INFORMATION SUPPLIED START

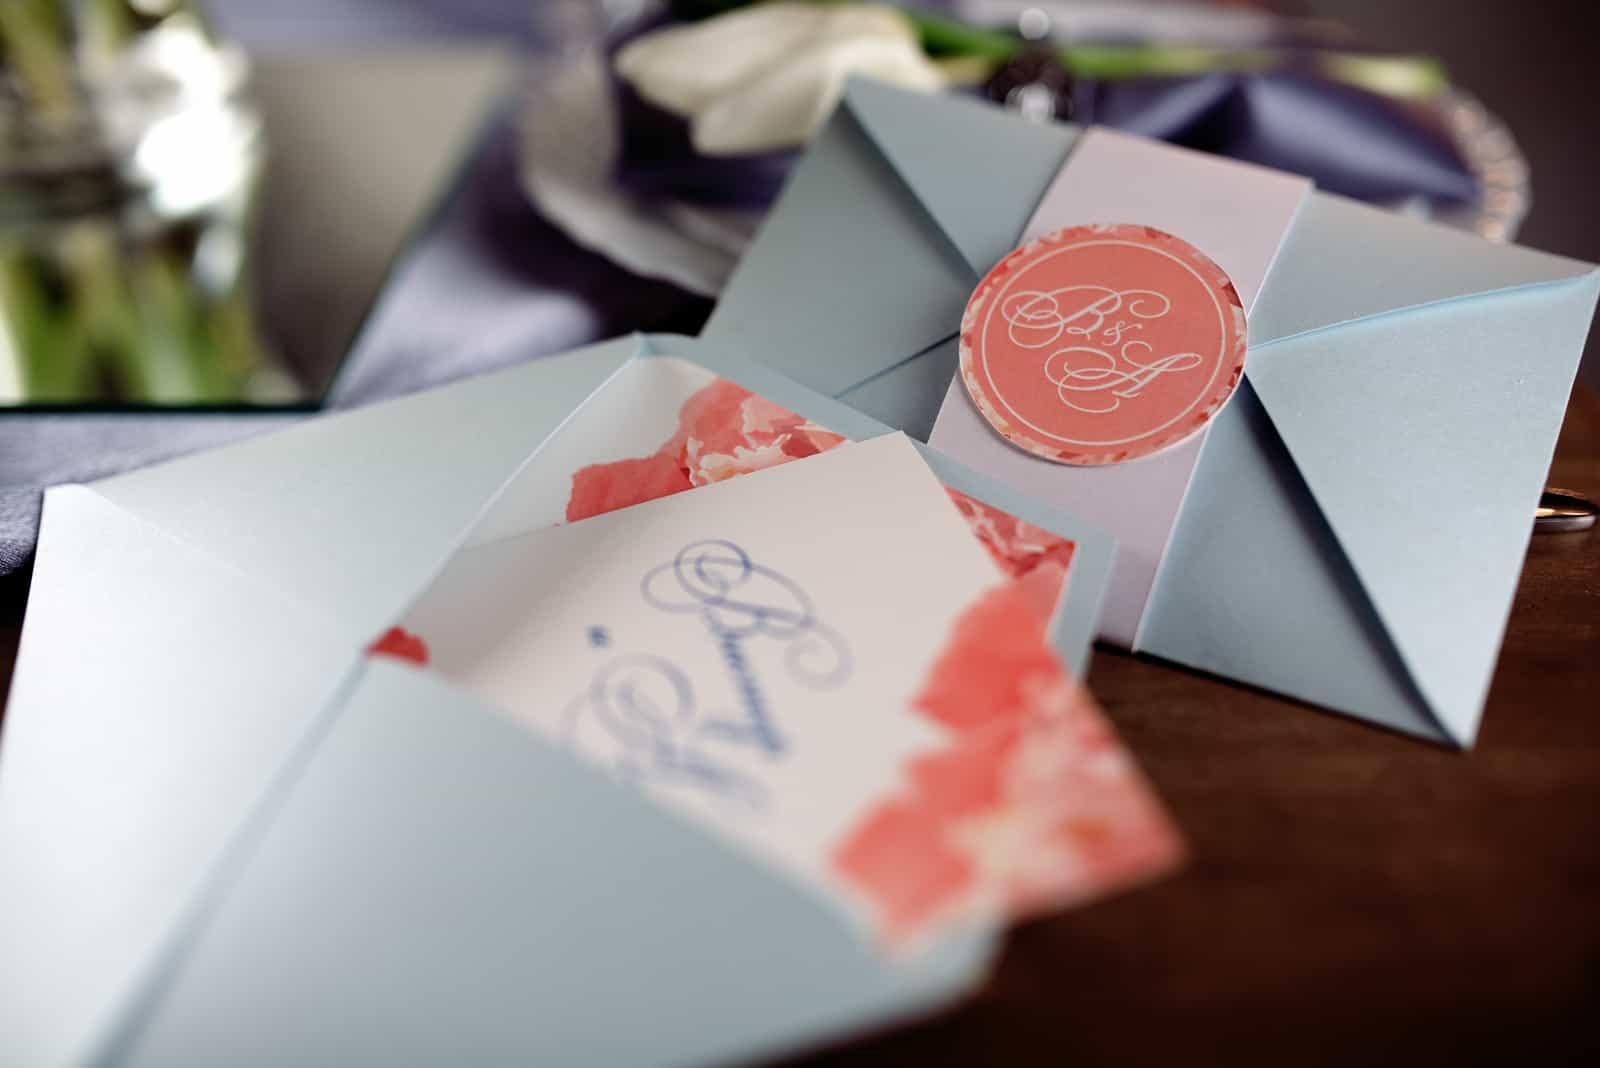 Umschlag Brief auf dem Tisch
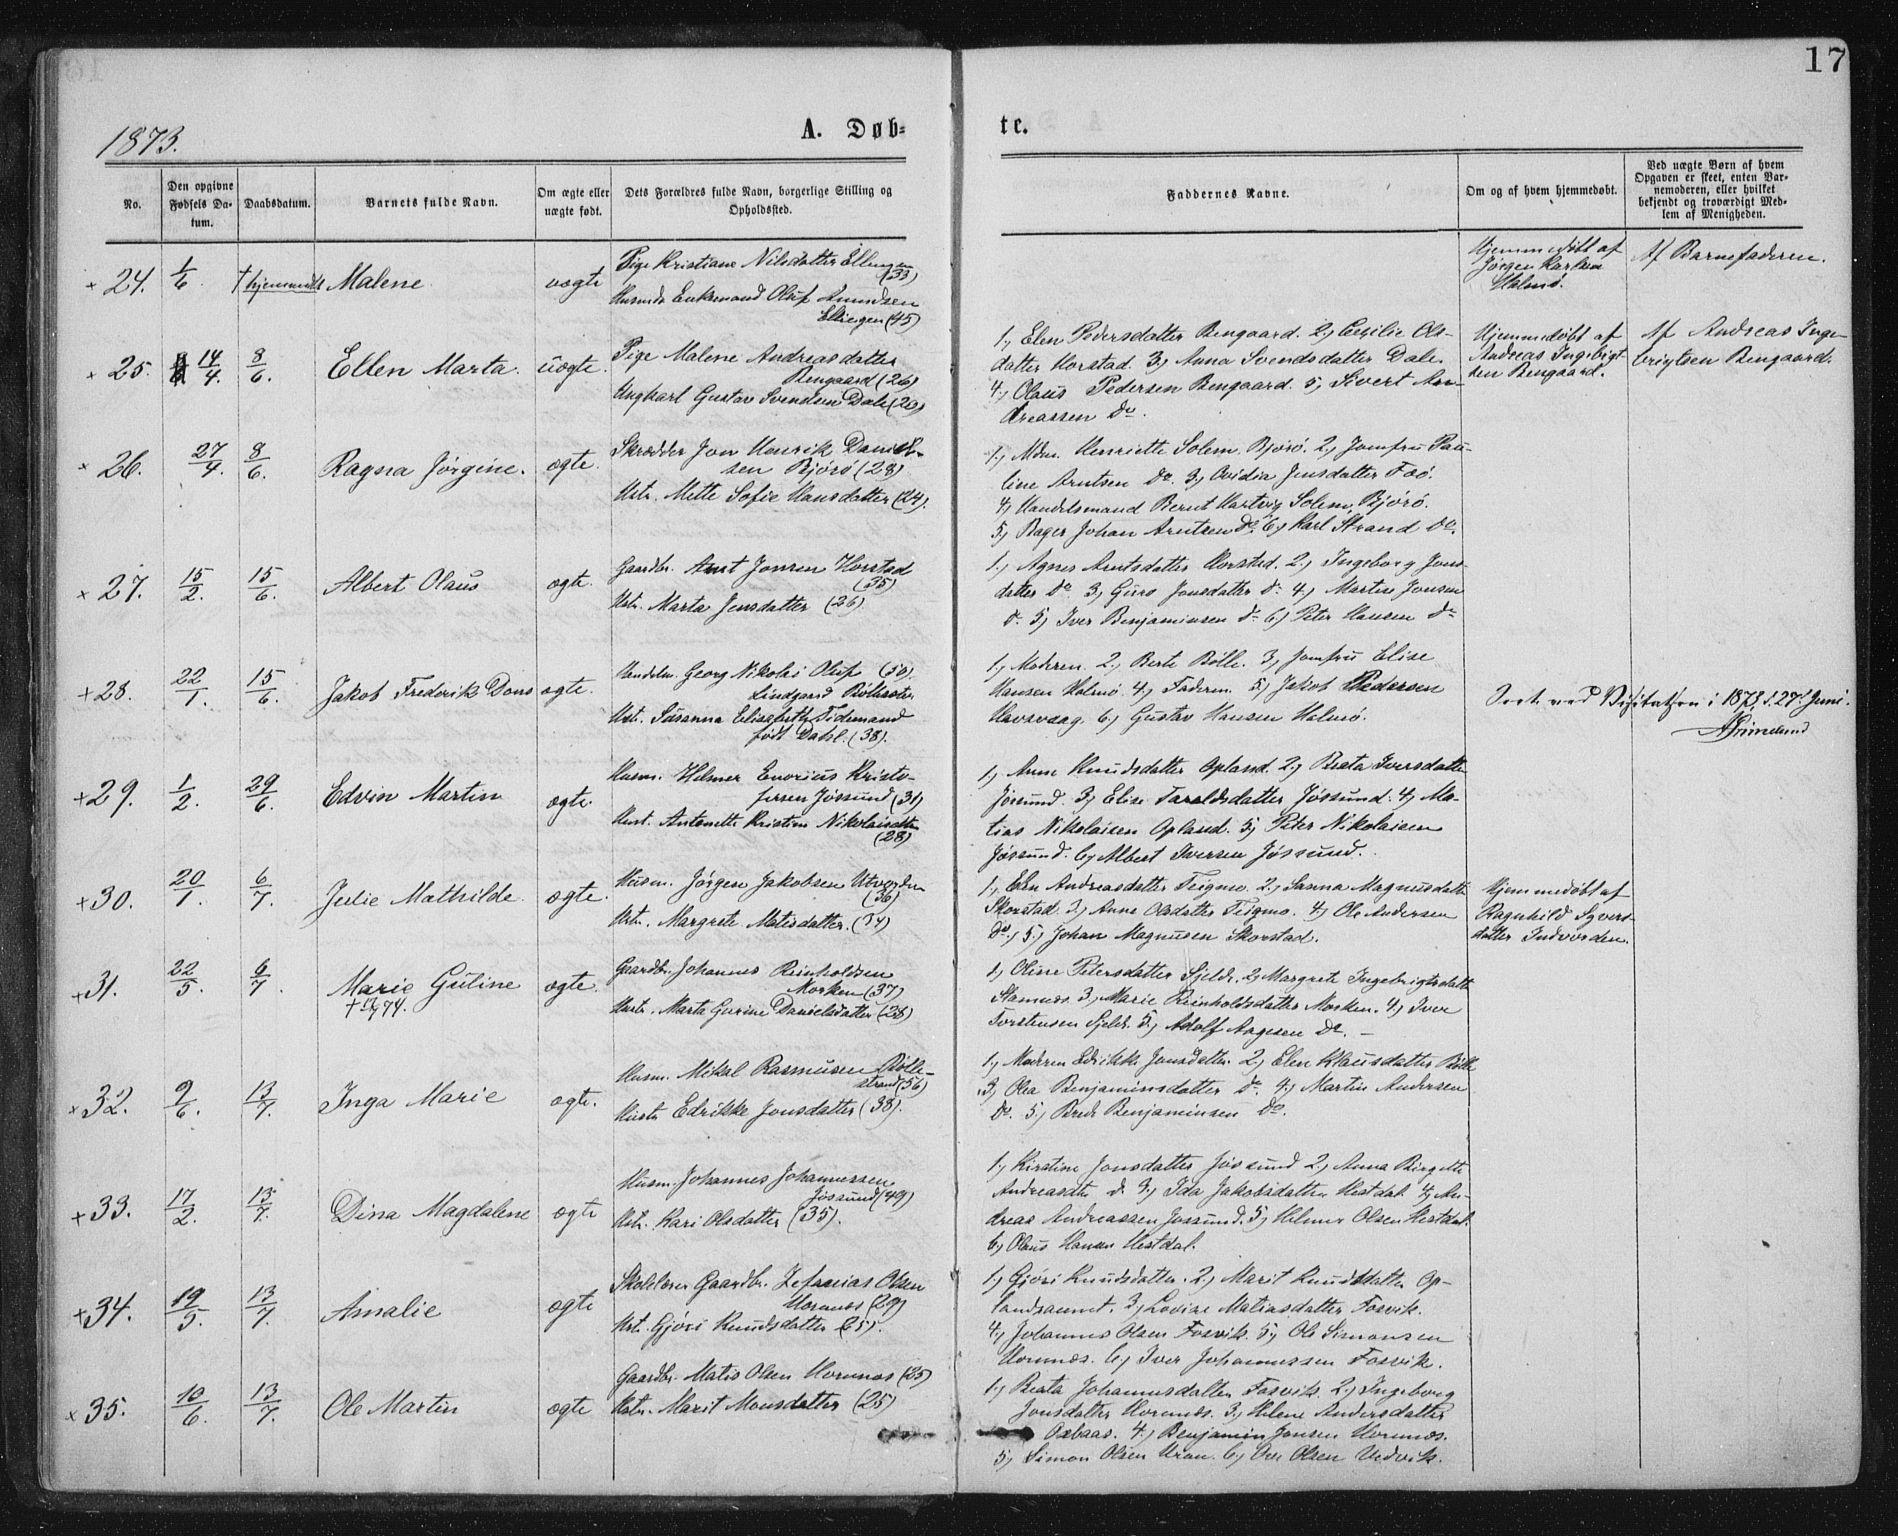 SAT, Ministerialprotokoller, klokkerbøker og fødselsregistre - Nord-Trøndelag, 771/L0596: Ministerialbok nr. 771A03, 1870-1884, s. 17
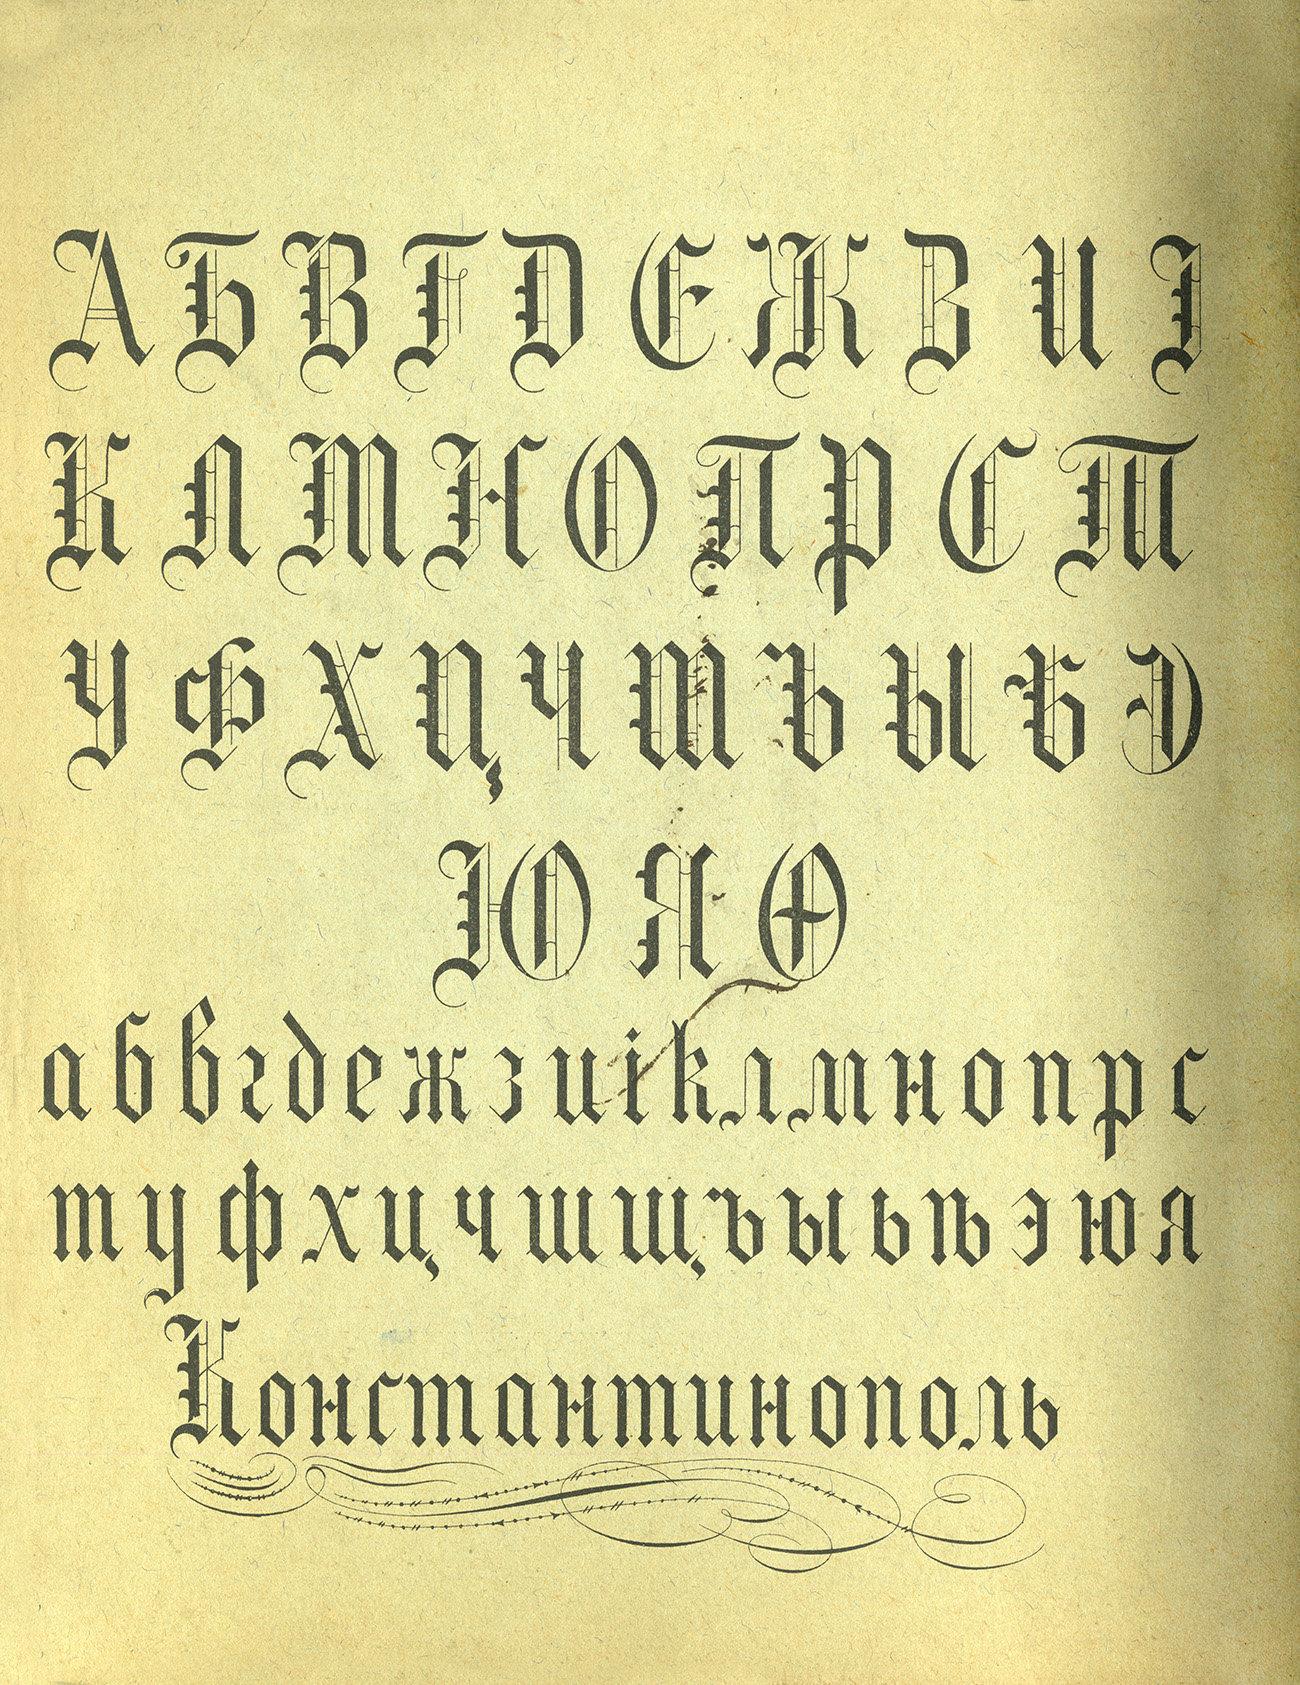 Тетрадь издательство Прогресс, стр. 2

INFORMATION SUPPLIED END

Exact output of each line above is wanted, without the pictures.

 Umschlag Brief auf dem Tisch
 SAT, Ministerialprotokoller, klokkerbøker og fødselsregistre - Nord-Trøndelag, 771/L0596: Ministerialbok nr. 771A03, 1870-1884, s. 17
 Тетрадь издательство Прогресс, стр. 2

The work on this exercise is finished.